A crackdown could push banks out of the marijuana industry
Attorney General Jeff Sessions’ decision Thursday to scrap an Obama administration policy that offered legal shelter for state-sanctioned marijuana sales does not necessarily mean a wave of federal drug busts. But it could crimp California’s budding marijuana industry in another way: cutting its already-tenuous access to the financial system.
Most banks and credit unions won’t accept deposits from marijuana businesses, but the few that do have been relying on federal guidelines that state how they can accept deposits from those companies. Although those guidelines remain in effect for now, many expect they will have to change because they were underpinned by one of the policies just rescinded — a 2013 document known as the Cole memo.
Without that memo, and with the possibility of changes to the guidelines, some banks and credit unions that were considering working with cannabis companies will probably back down from those plans, said Joshua Schneiderman, a partner in the Los Angeles office of law firm Snell & Wilmer.
“I’ve talked to institutions in California looking to get into the industry, and I don’t think they’re going to move forward at this point,” he said. “Banks are notoriously conservative, and the Cole memo was a critical underpinning of their decision to get into the cannabis space.”

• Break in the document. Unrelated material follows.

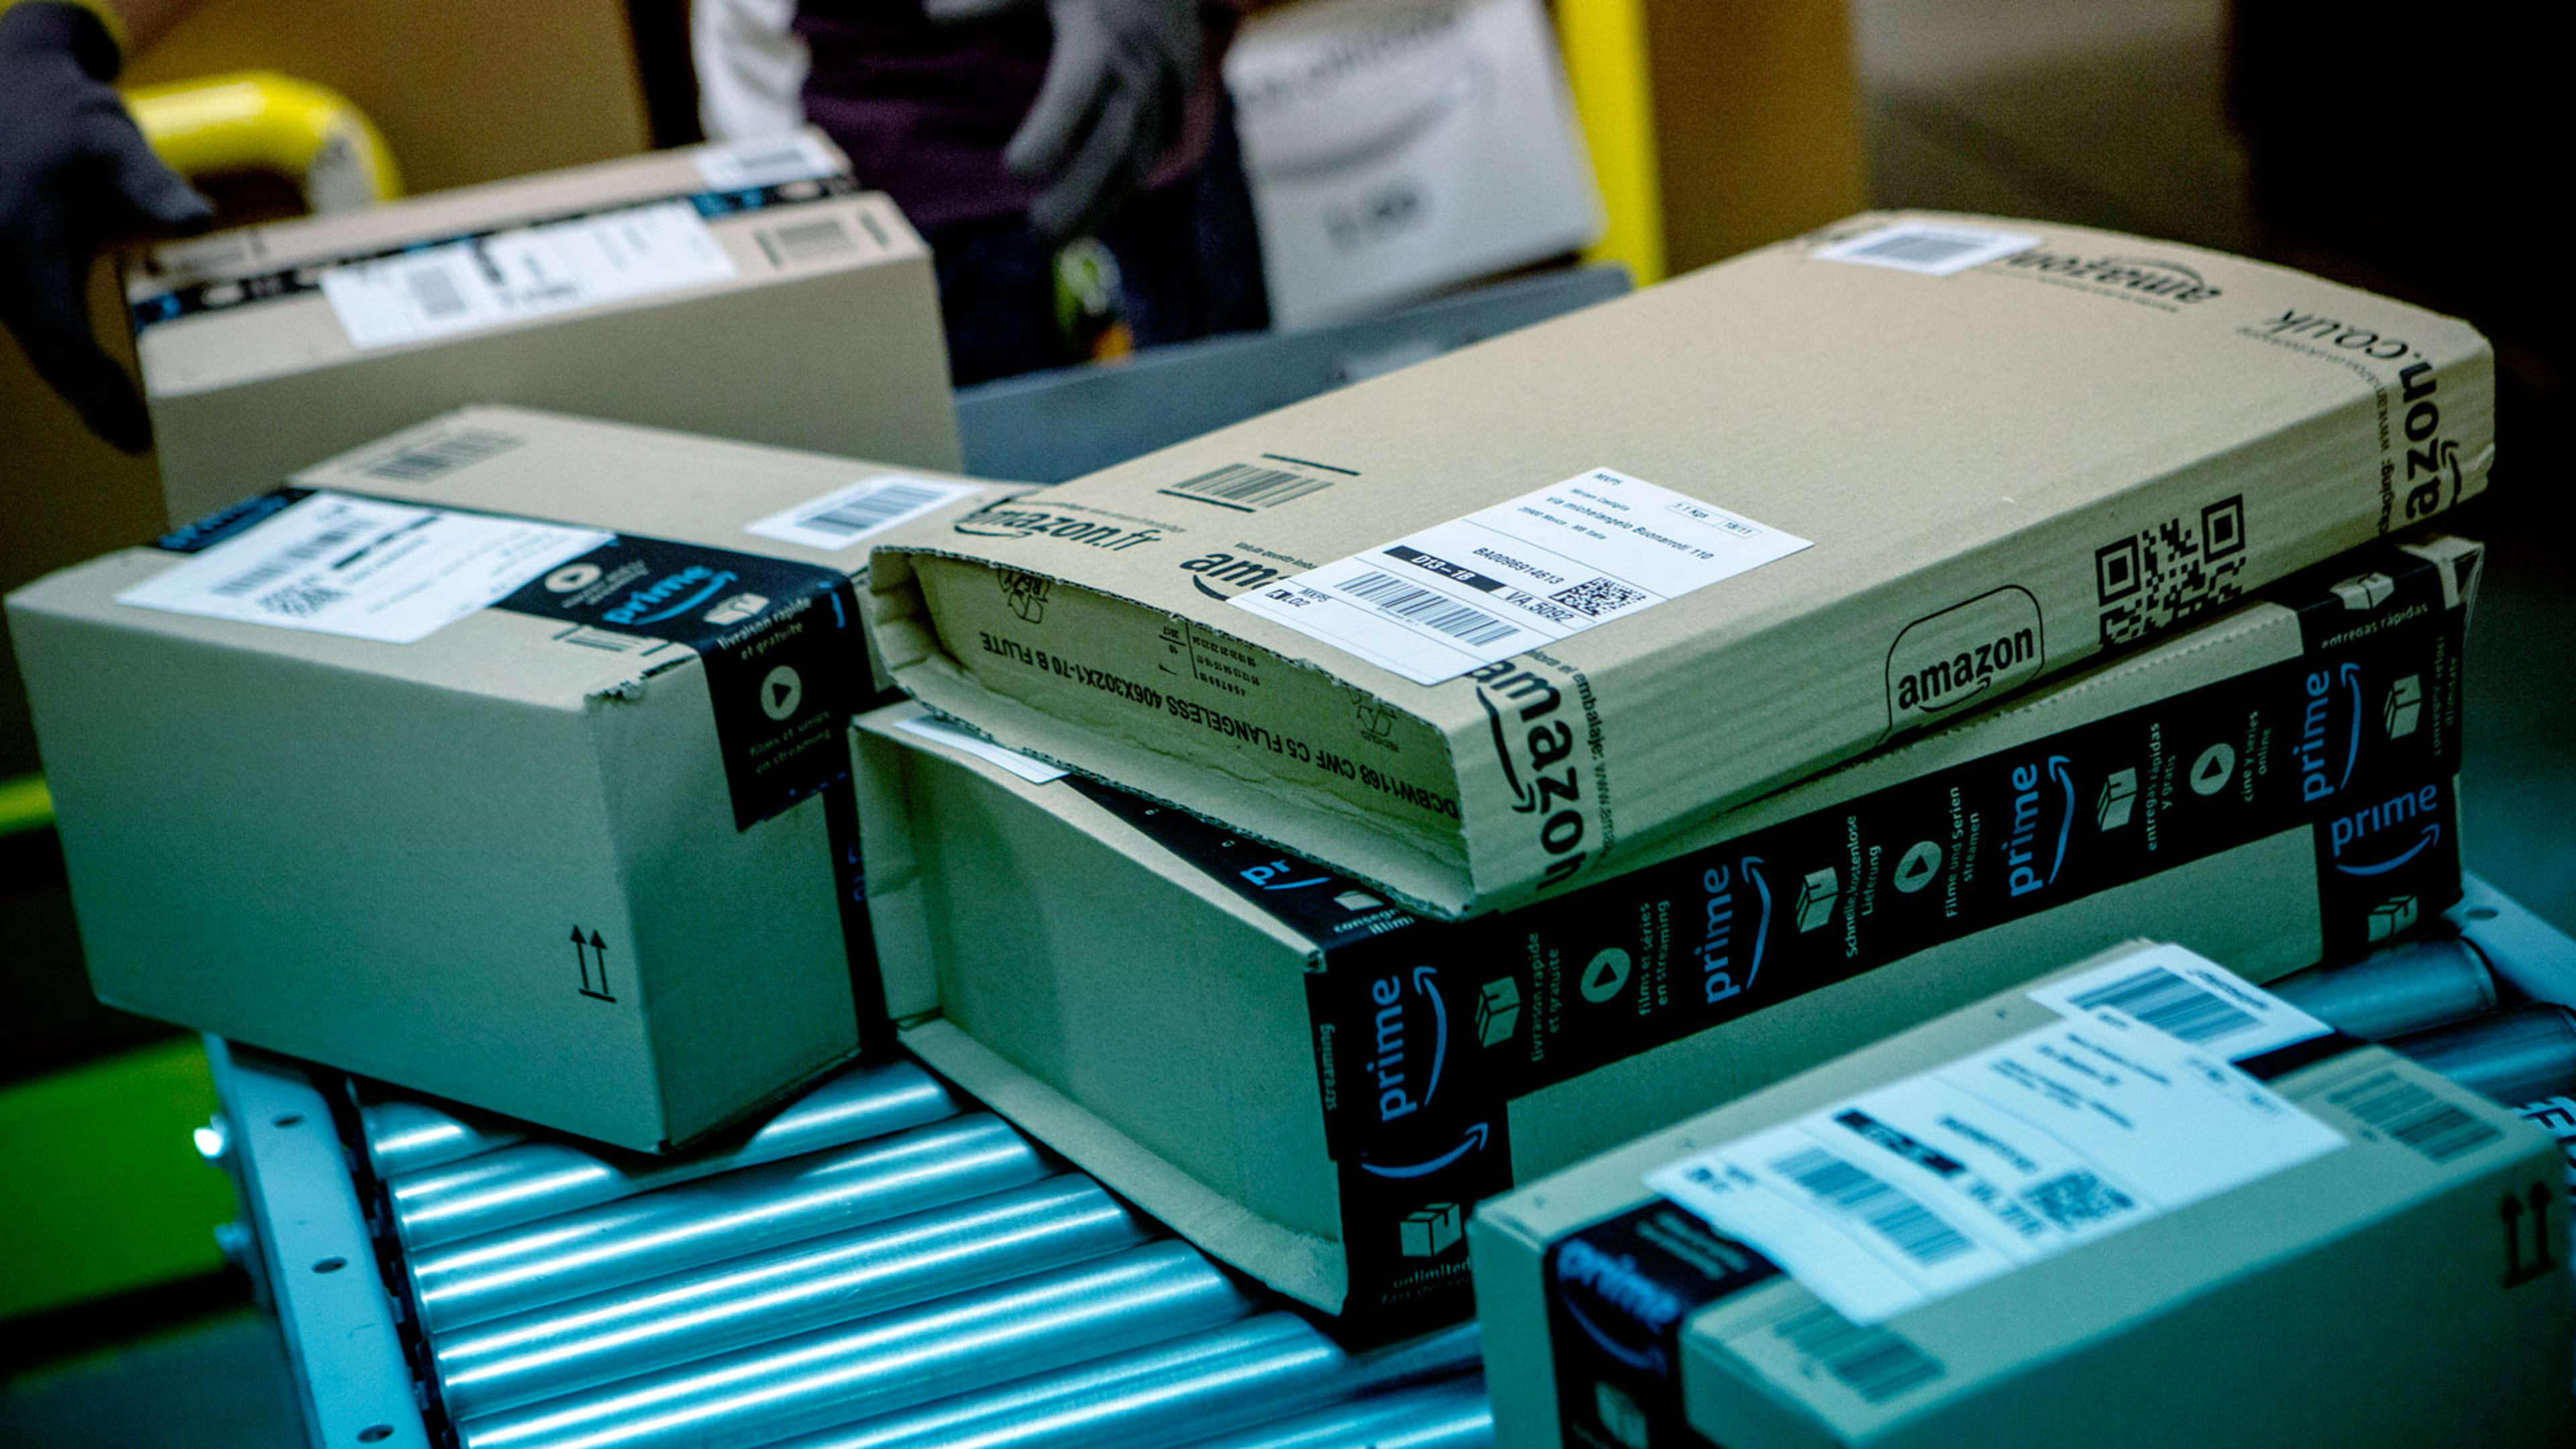 Take a break from Amazon and read this brief history of how Cyber Monday got its name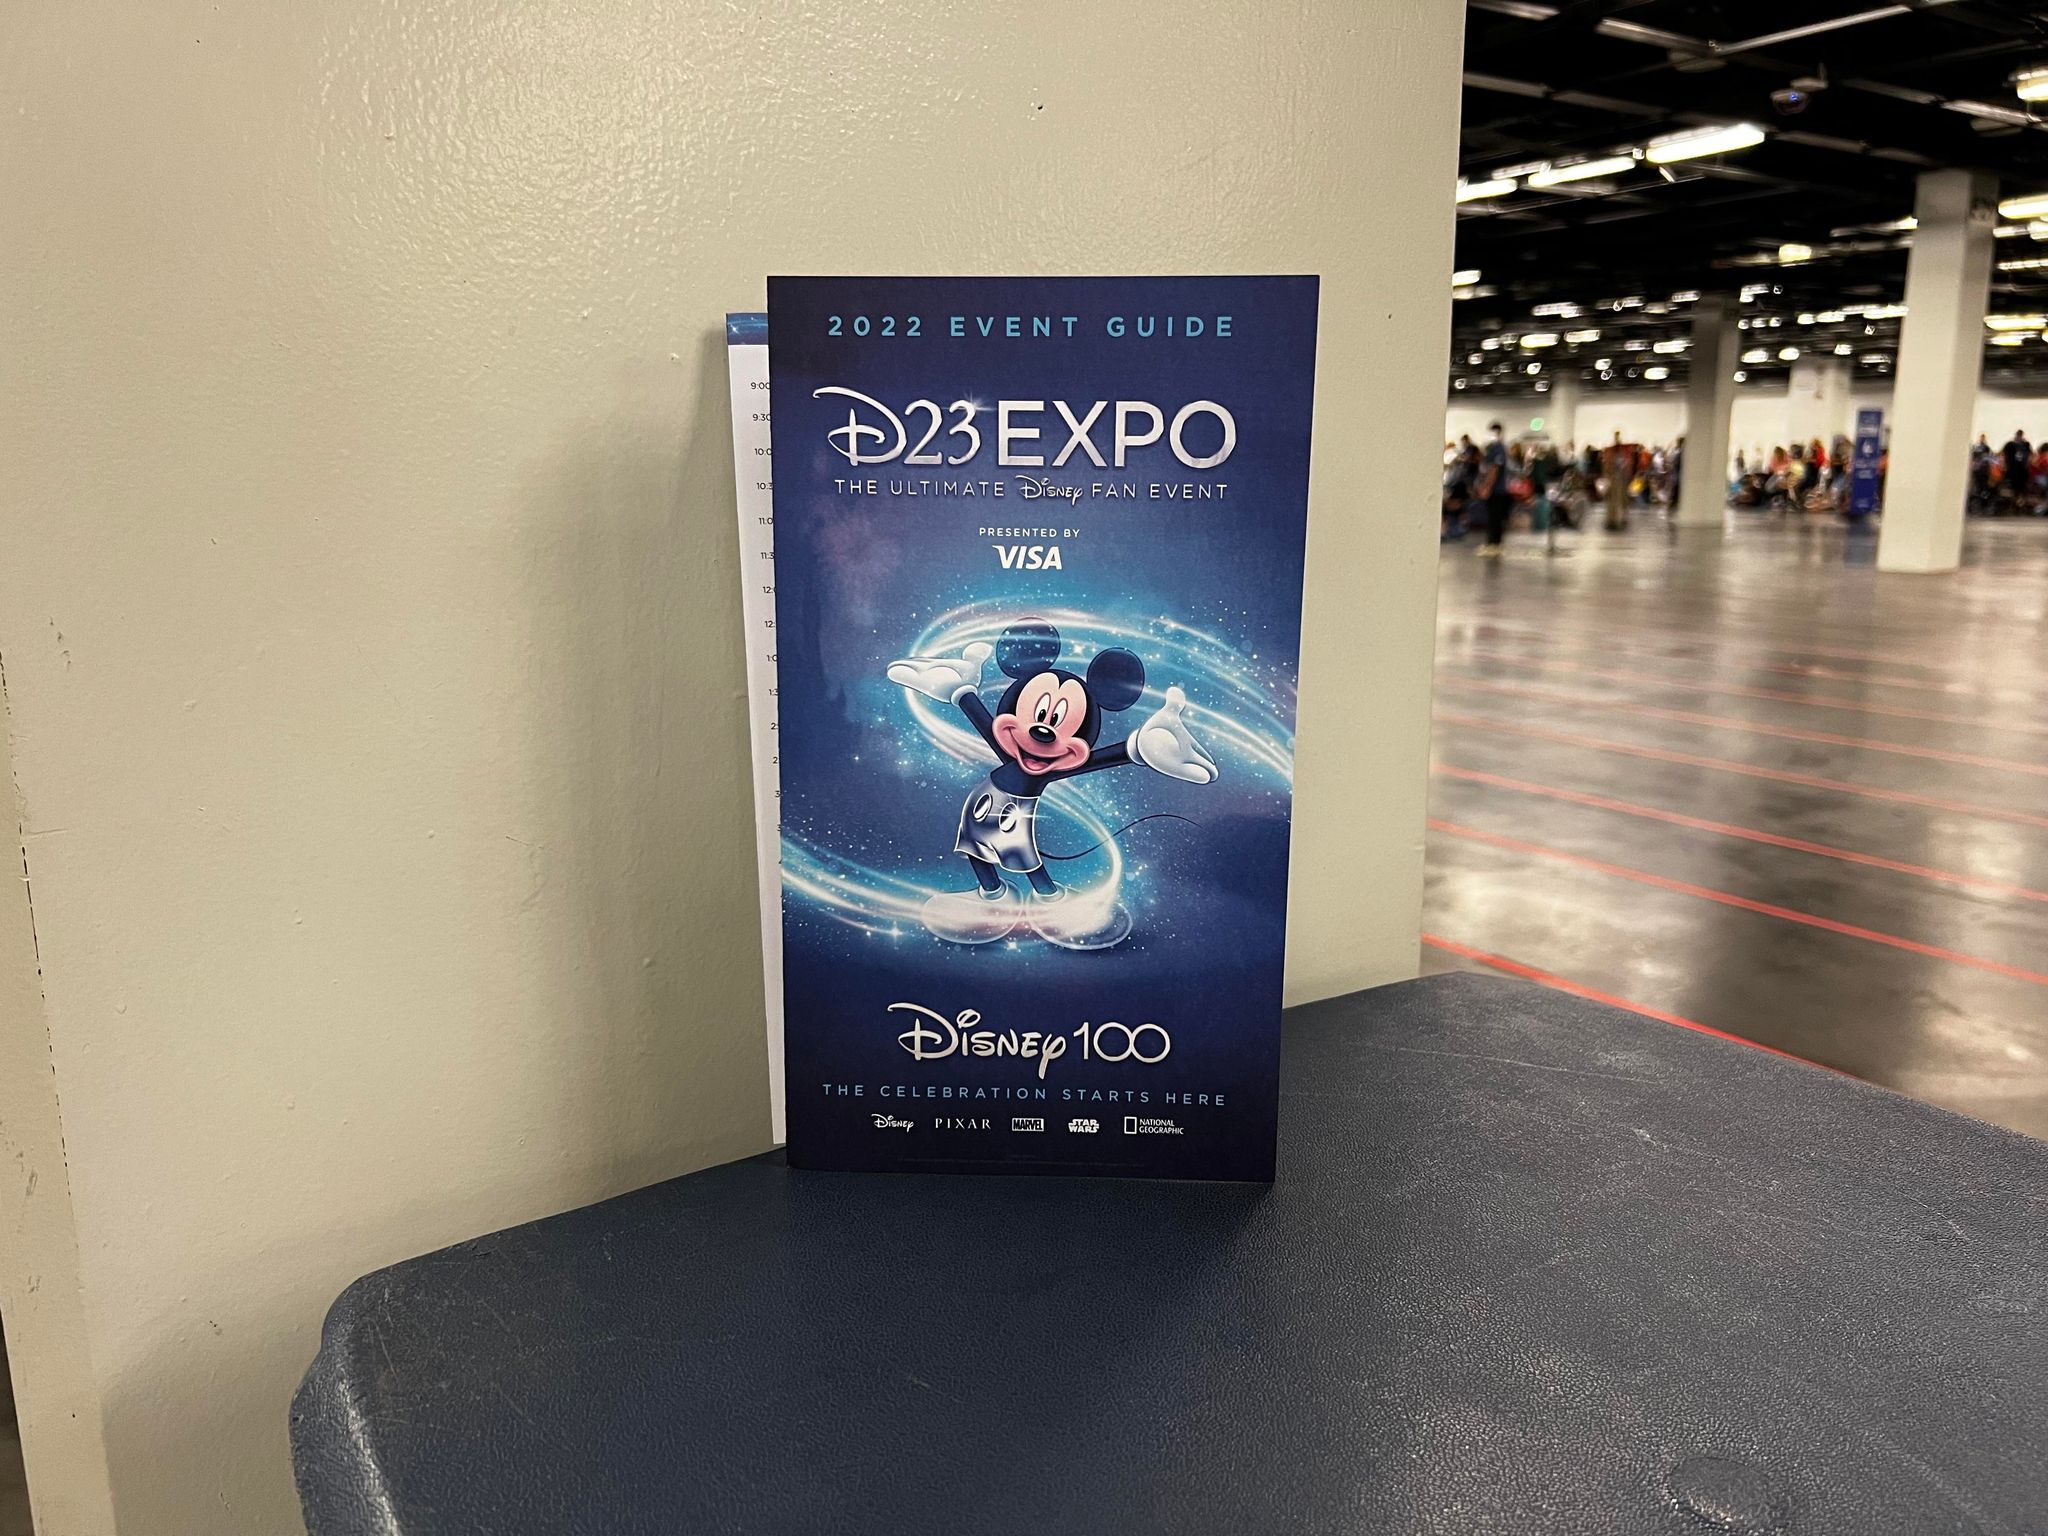 d23 expo map guidebook

Ken Berke, president of PayQwick, a Calabasas, Calif., company that works with banks to offer payment-processing services for marijuana businesses, said it’s not clear that Thursday’s announcement will be a game-changer for the industry, but he agreed that it will push some institutions to reconsider their plans.
“If there are banks that are not serving the industry now but were thinking about it, this will have a chilling effect,” he said. “And if you already have cannabis clients, you may decide to wait 30 days or 60 days before opening any new accounts.”
The Cole memo, written by James Cole, a deputy attorney general in the Obama administration, said the Justice Department, in states where marijuana sales were legalized, should focus its marijuana-enforcement efforts on serious crimes such as sales to minors or sales involving drug cartels.
In 2014, in accordance with that memo, the federal Financial Crimes Enforcement Network, a Treasury Department bureau, issued guidelines for banks that want to serve cannabis businesses. The guidelines directed banks to file reports on their marijuana clients and to be on the lookout for the potential serious illegal activities spelled out in the Cole memo.
With that memo now rescinded, the guidelines may be scrapped or at least amended, said Julie Hill, a law professor at the University of Alabama who follows cannabis banking law.
“The whole (report) filing system doesn’t make any sense without clear enforcement priorities,” Hill said. “I don’t know what you do about that. I think it was risky before, and it’s even more risky now.”
Other bank regulators, not just FinCEN, could push banks to rein in or scrap their dealings with cannabis companies.
It’s unclear, however, whether Sessions’ decision will lead to a federal crackdown on marijuana in states that have legalized it.
A key constraint is a 2014 federal budget amendment co-authored by Rep. Dana Rohrabacher, R-Calif., which prevents the Justice Department from spending money on prosecuting medical marijuana users or businesses if they are complying with state law.